- [TASK OBJECTIVE]
Give back the full listing exactly, setting the pictures aside.

- [DATA EXTRACT]
*****
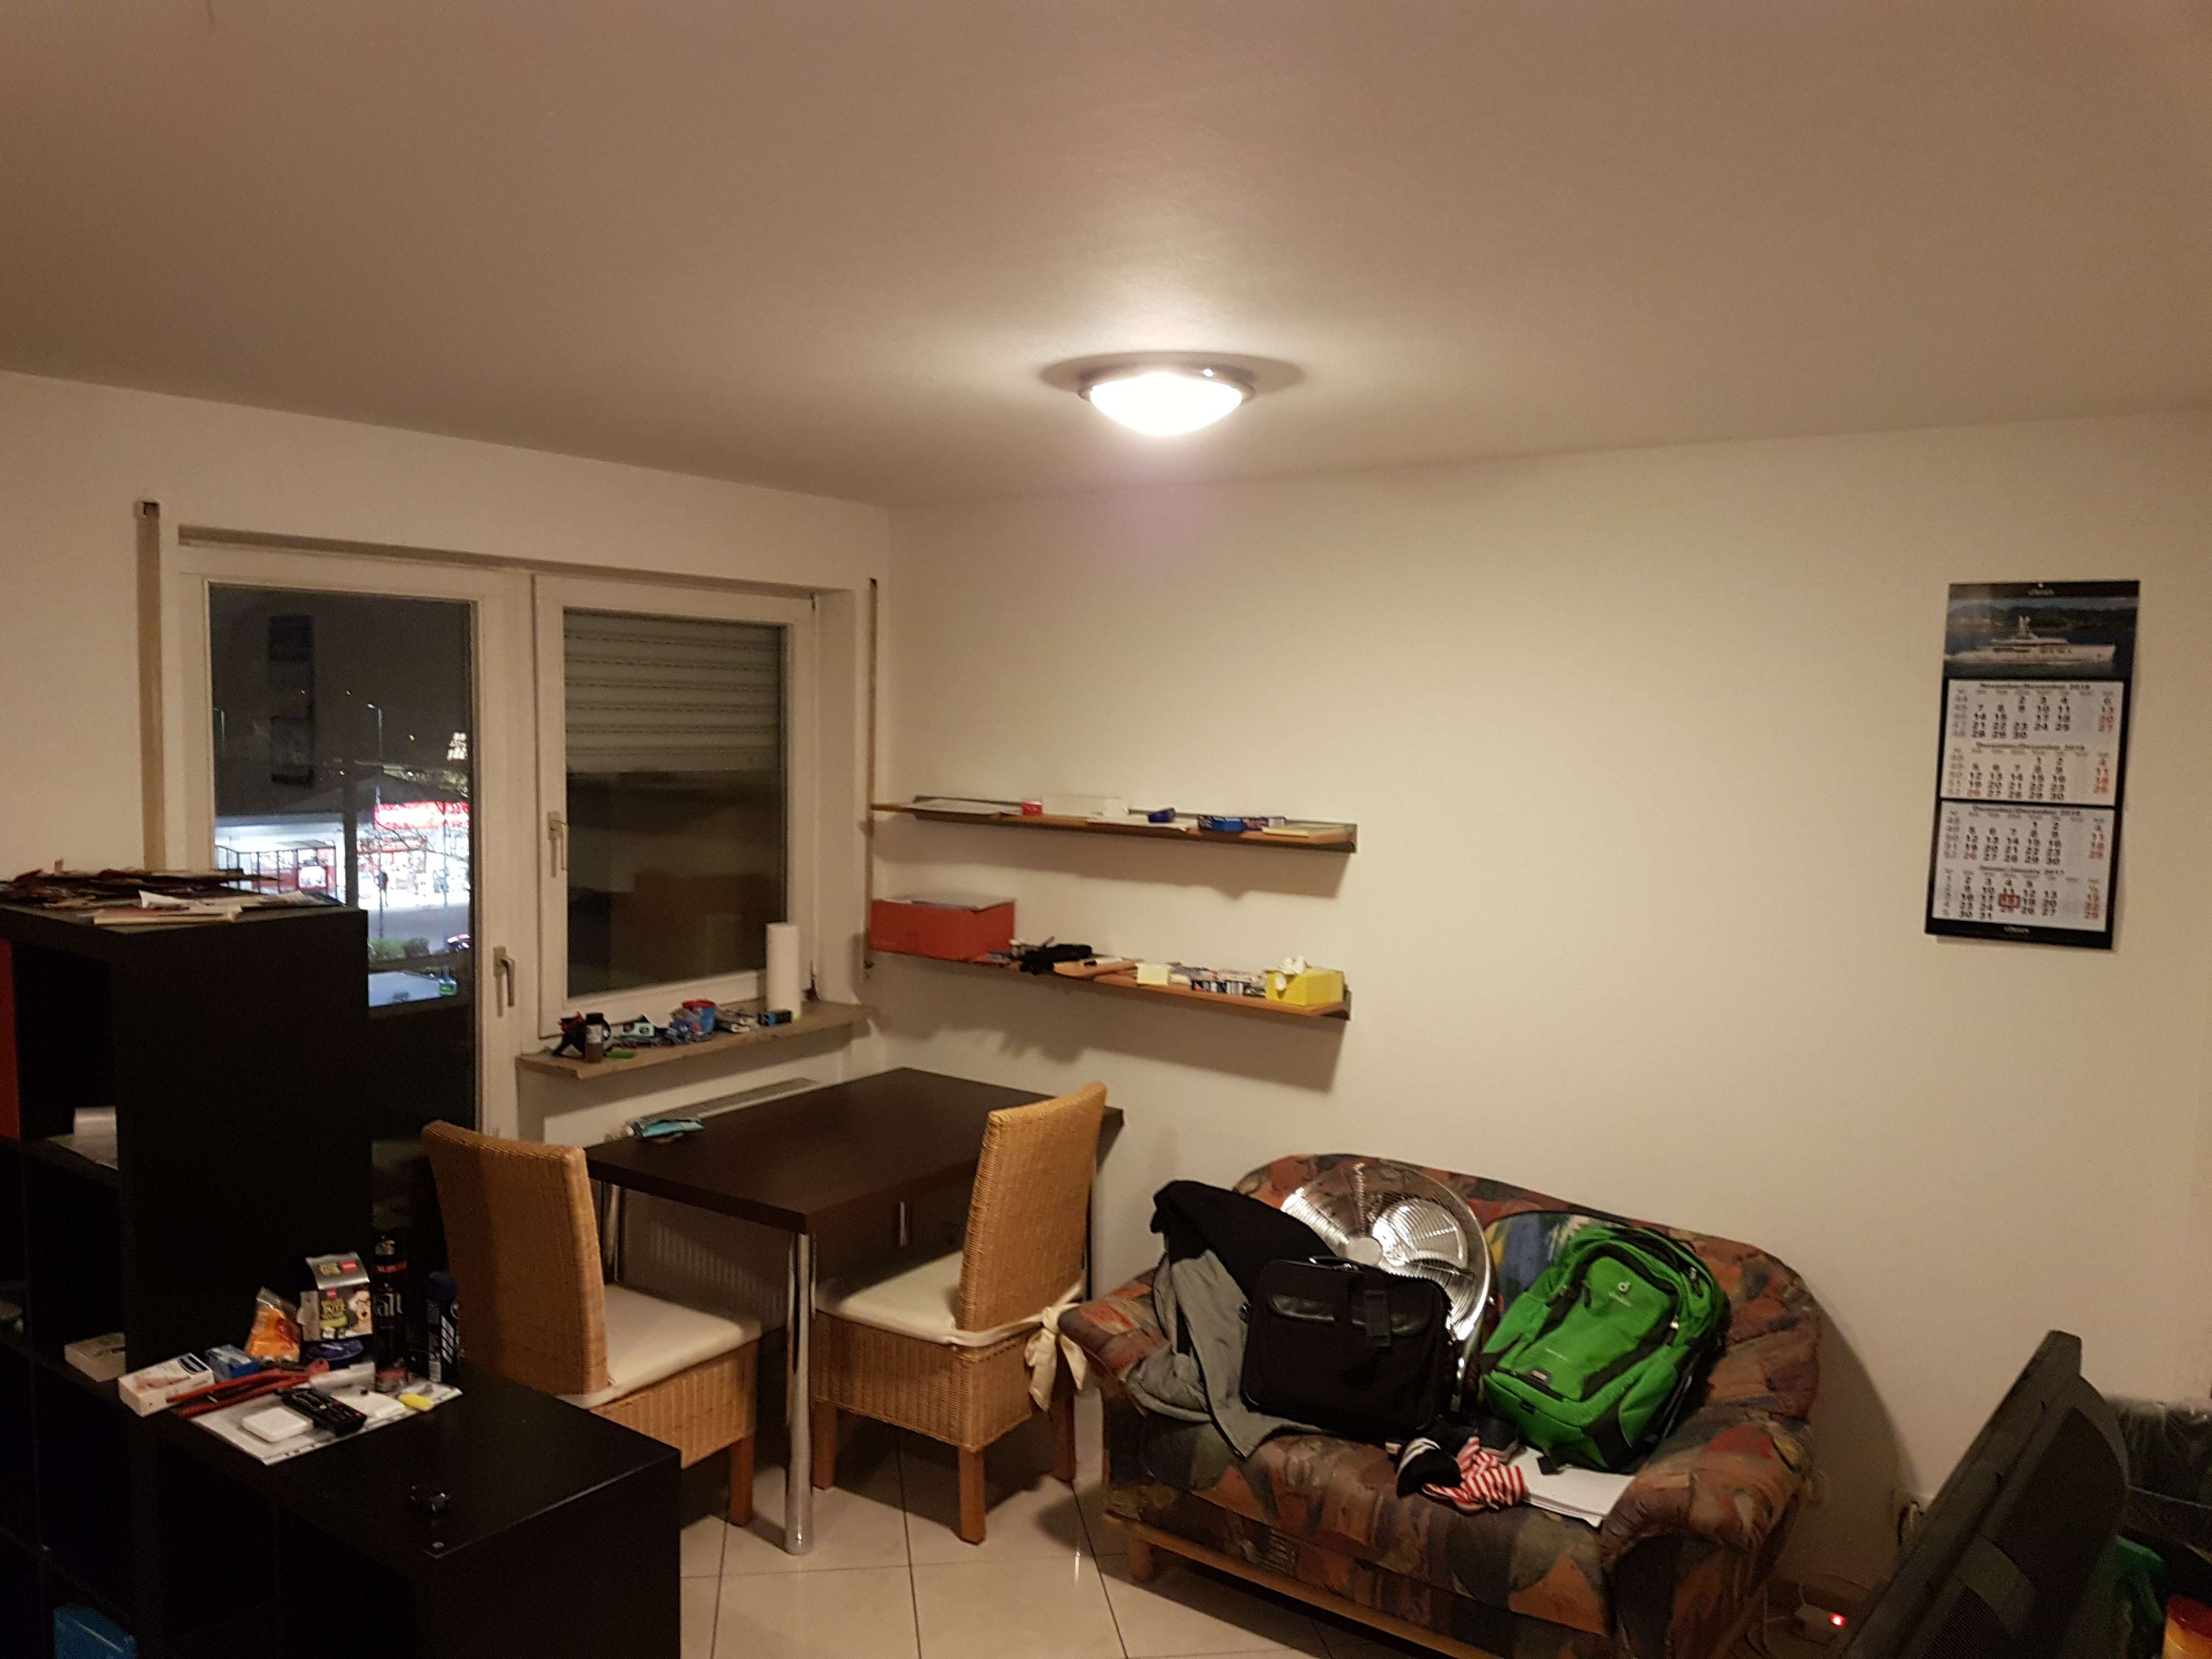 1-Zimmer-Wohnung mit Balkon in Nürnberg-Maxfeld in Maxfeld (Nürnberg)
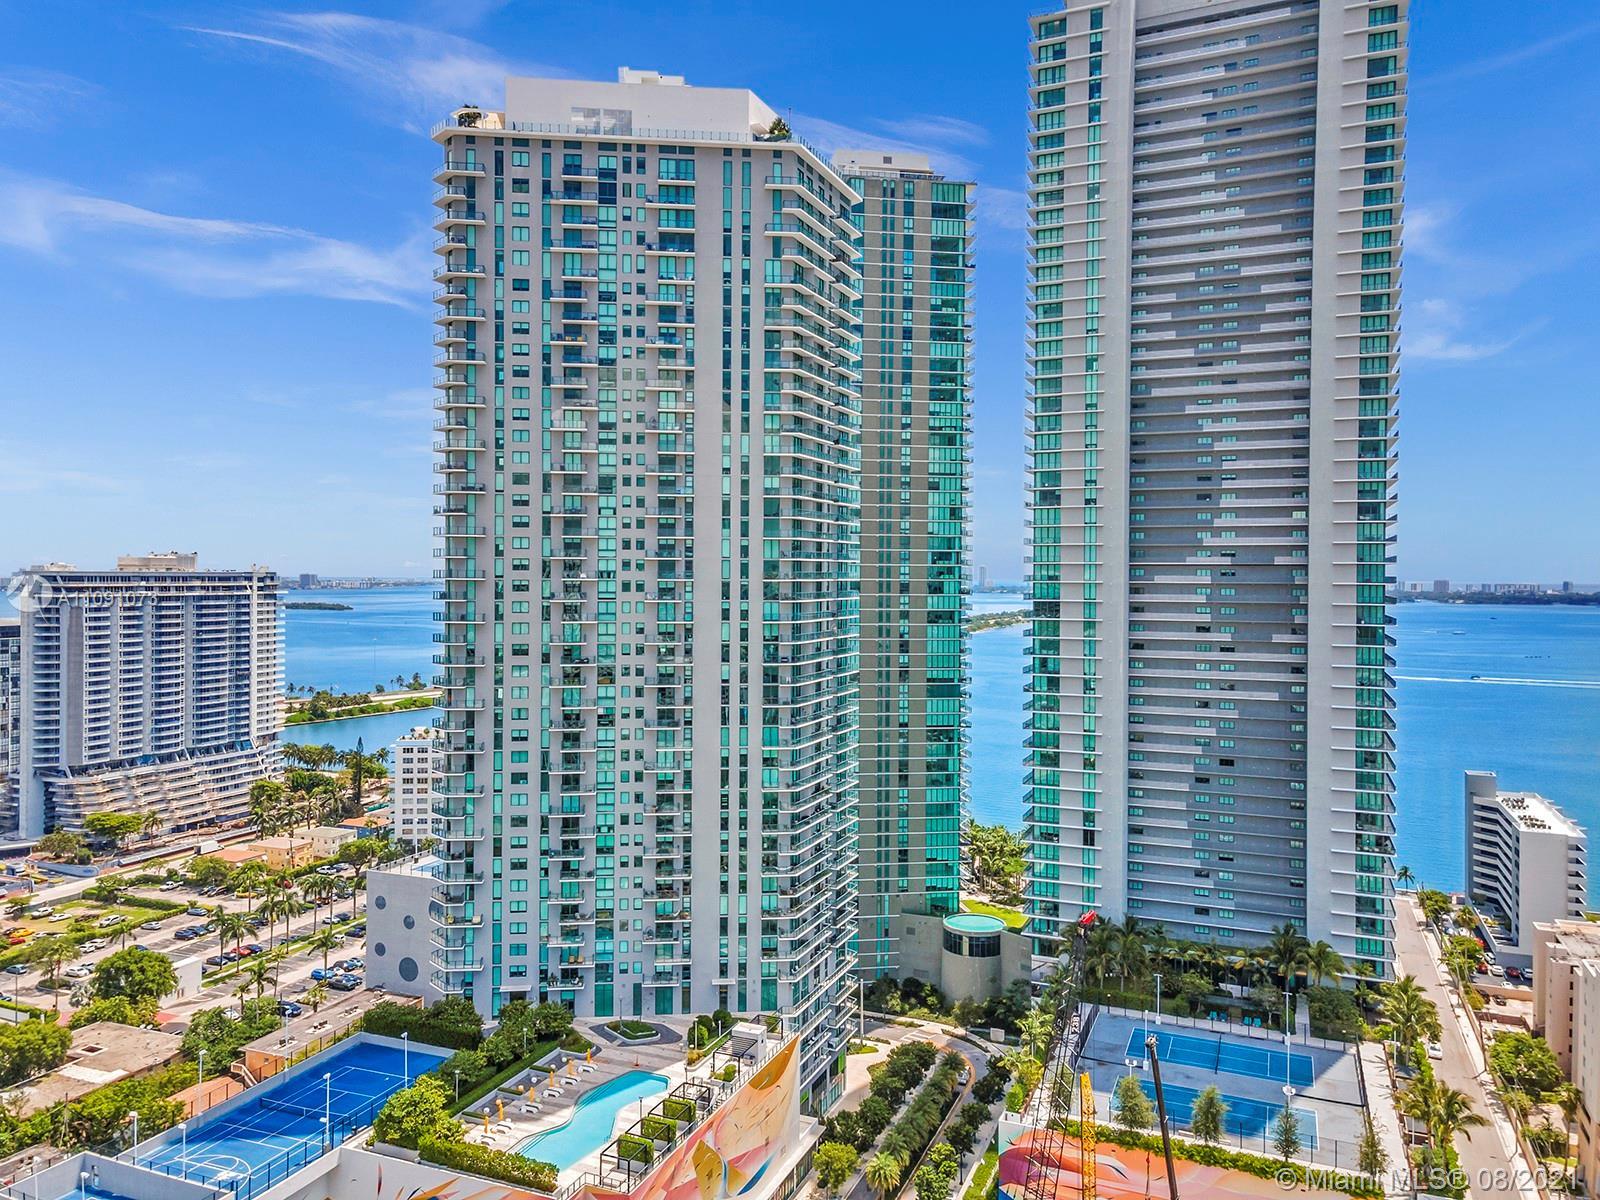 Paraiso Bayviews #PH4205 - 501 NE 31st St #PH4205, Miami, FL 33137
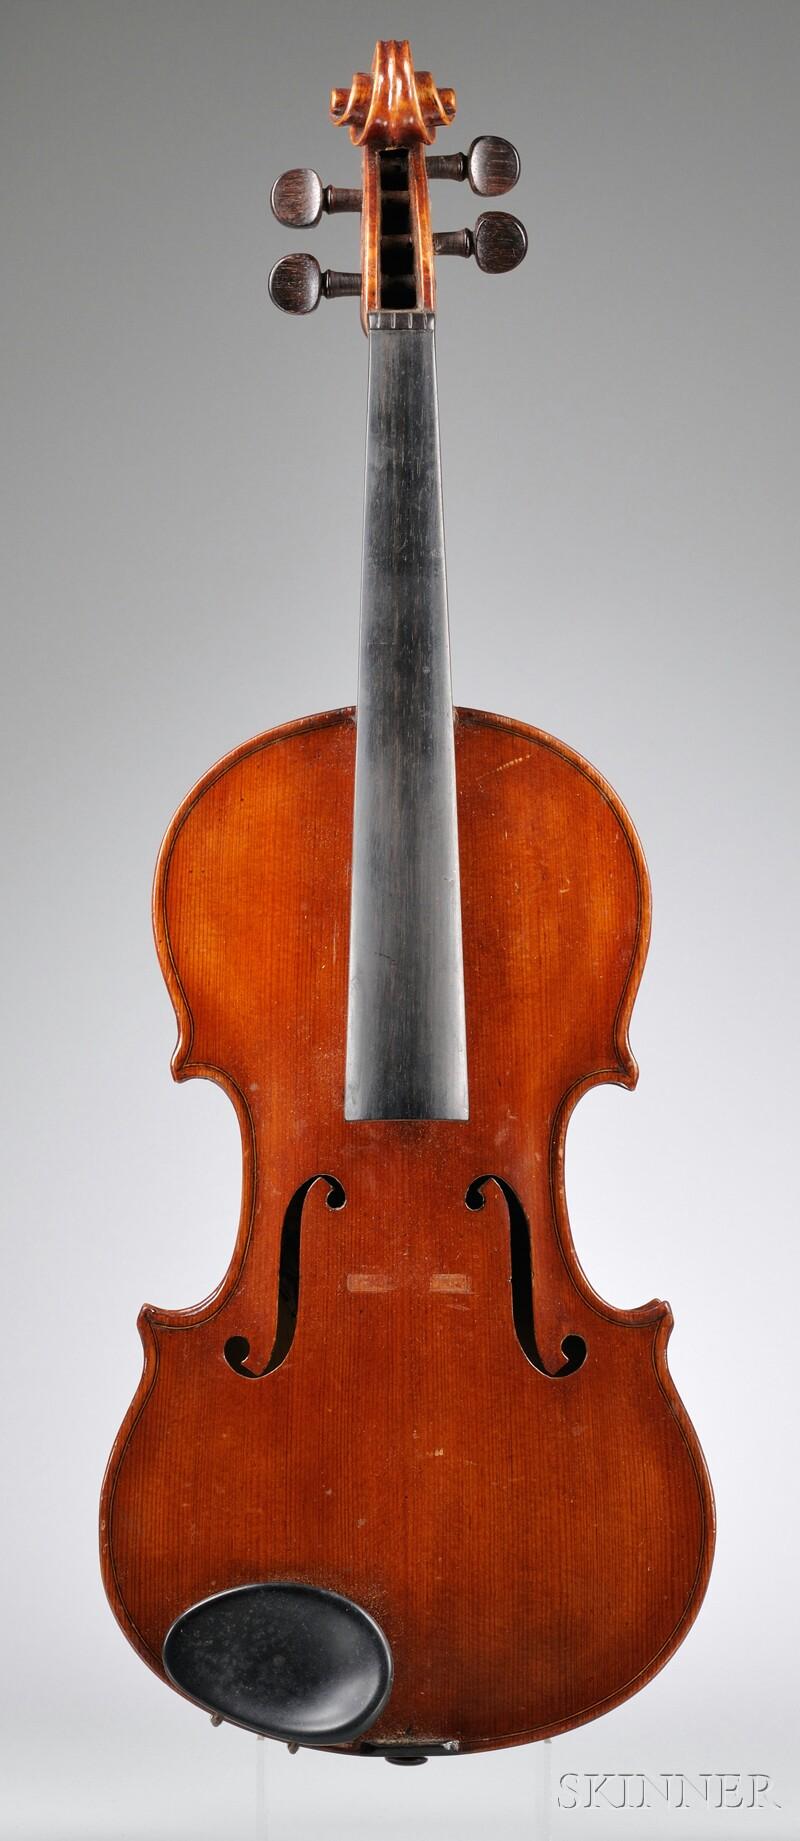 American Violin, c. 1940
*****
- [TASK OUTPUT]
 1-Zimmer-Wohnung mit Balkon in Nürnberg-Maxfeld in Maxfeld (Nürnberg)
 Paraiso Bayviews #PH4205 - 501 NE 31st St #PH4205, Miami, FL 33137
 American Violin, c. 1940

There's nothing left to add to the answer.